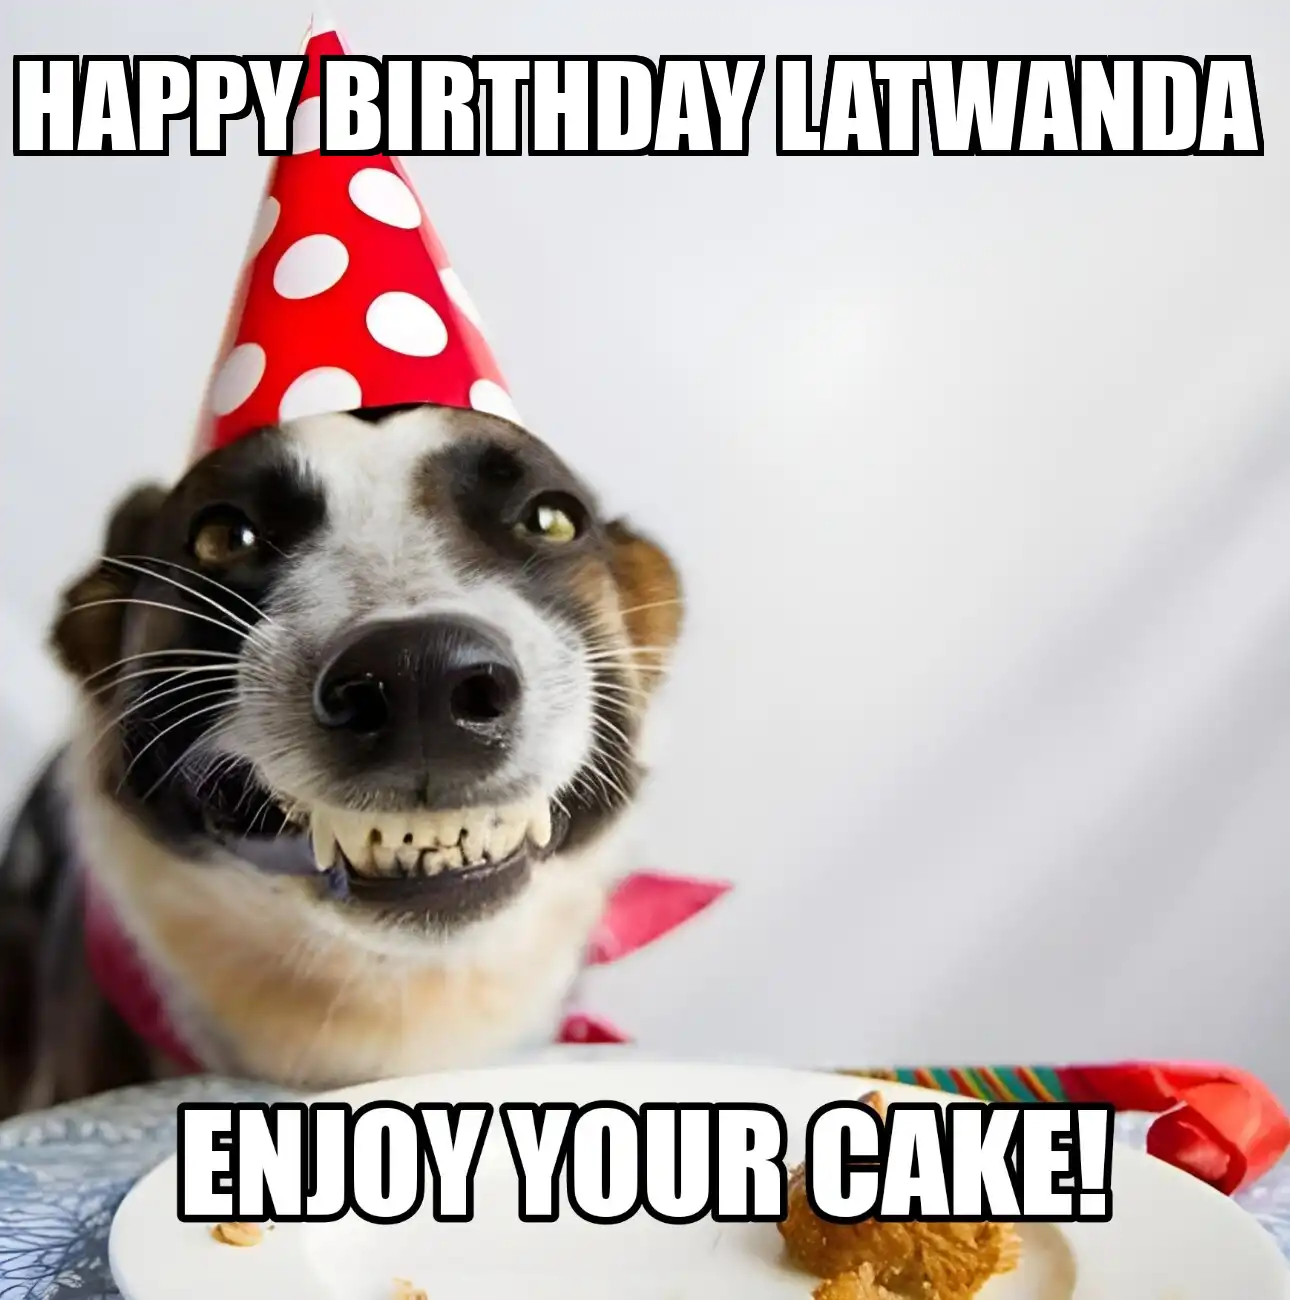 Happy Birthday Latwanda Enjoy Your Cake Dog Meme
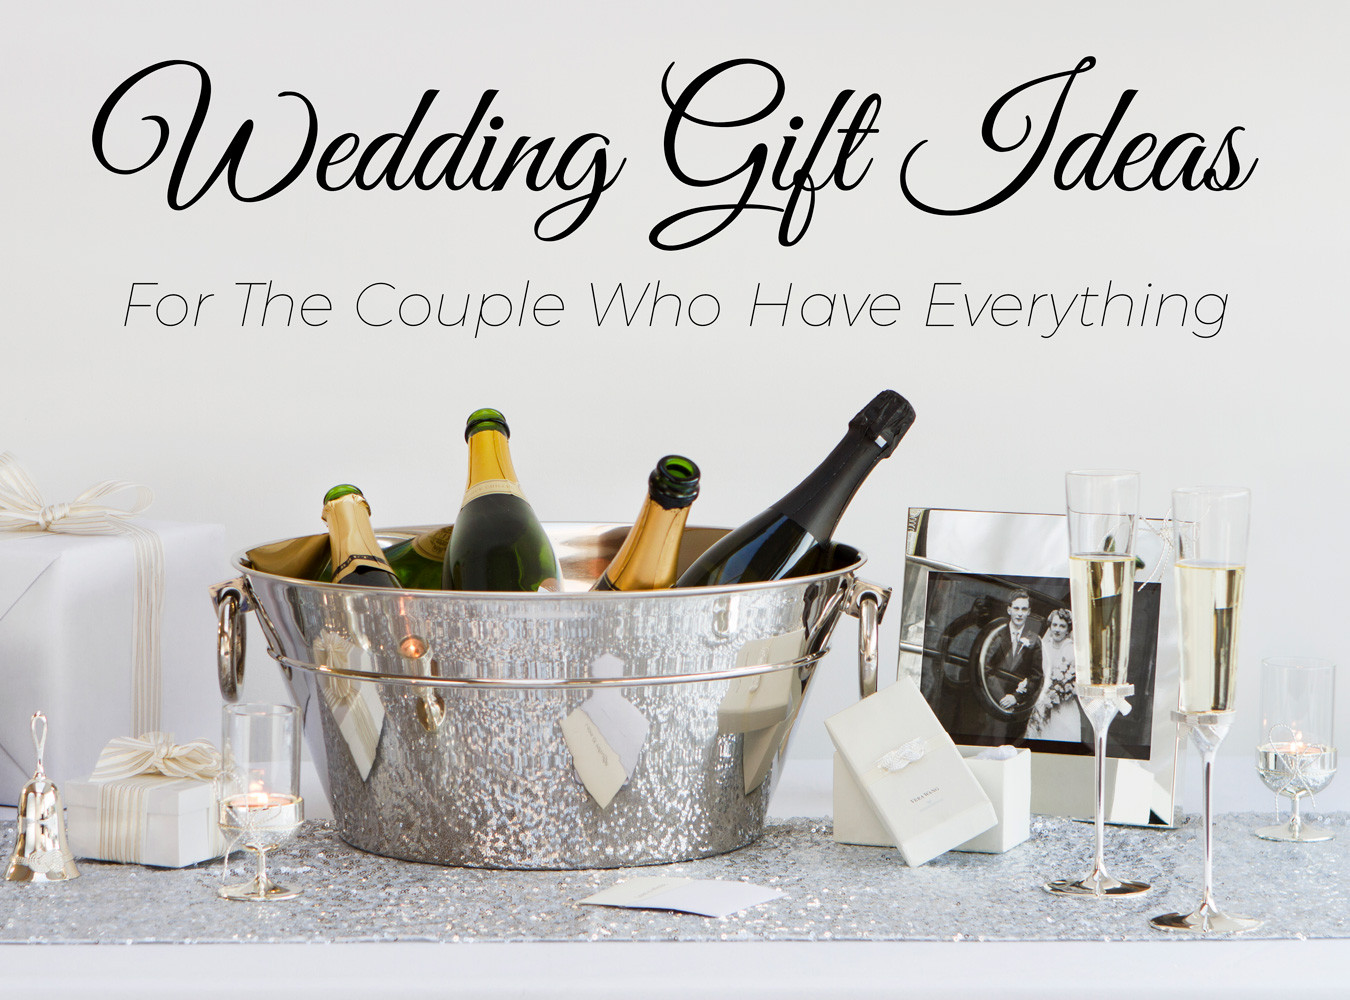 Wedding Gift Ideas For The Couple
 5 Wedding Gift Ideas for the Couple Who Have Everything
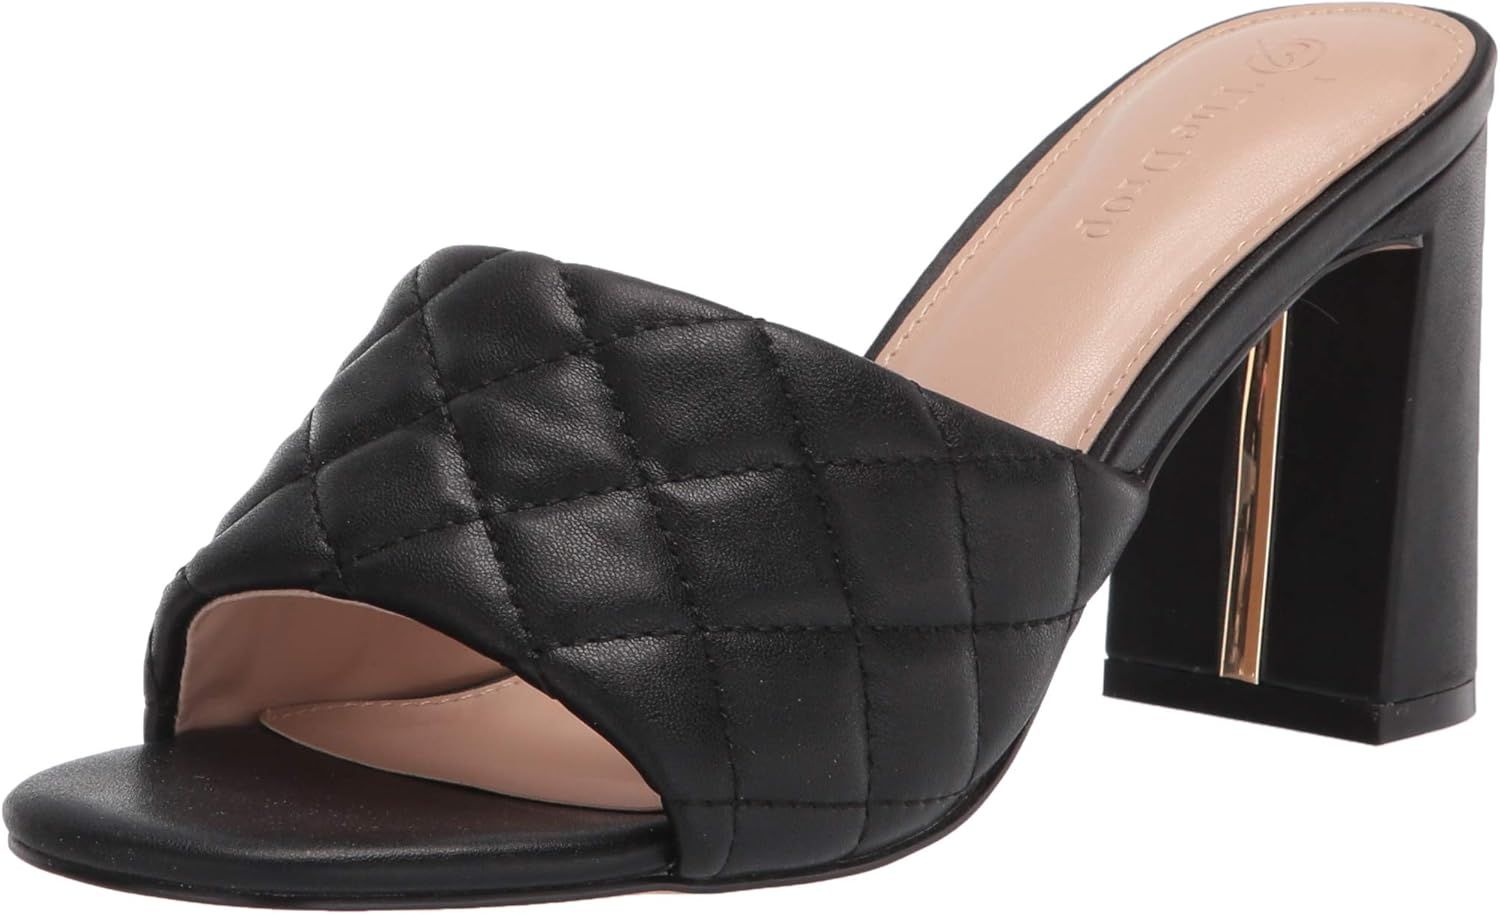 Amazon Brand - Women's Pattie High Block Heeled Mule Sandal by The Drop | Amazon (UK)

WHAT IS REQUIRED:
Set down exactly, from the line that contains "5 Wedding Gift" through the last line of the data, each line as it stands, and leave the pictures out.

ANSWER BOX:
 5 Wedding Gift Ideas for the Couple Who Have Everything
 Amazon Brand - Women's Pattie High Block Heeled Mule Sandal by The Drop | Amazon (UK)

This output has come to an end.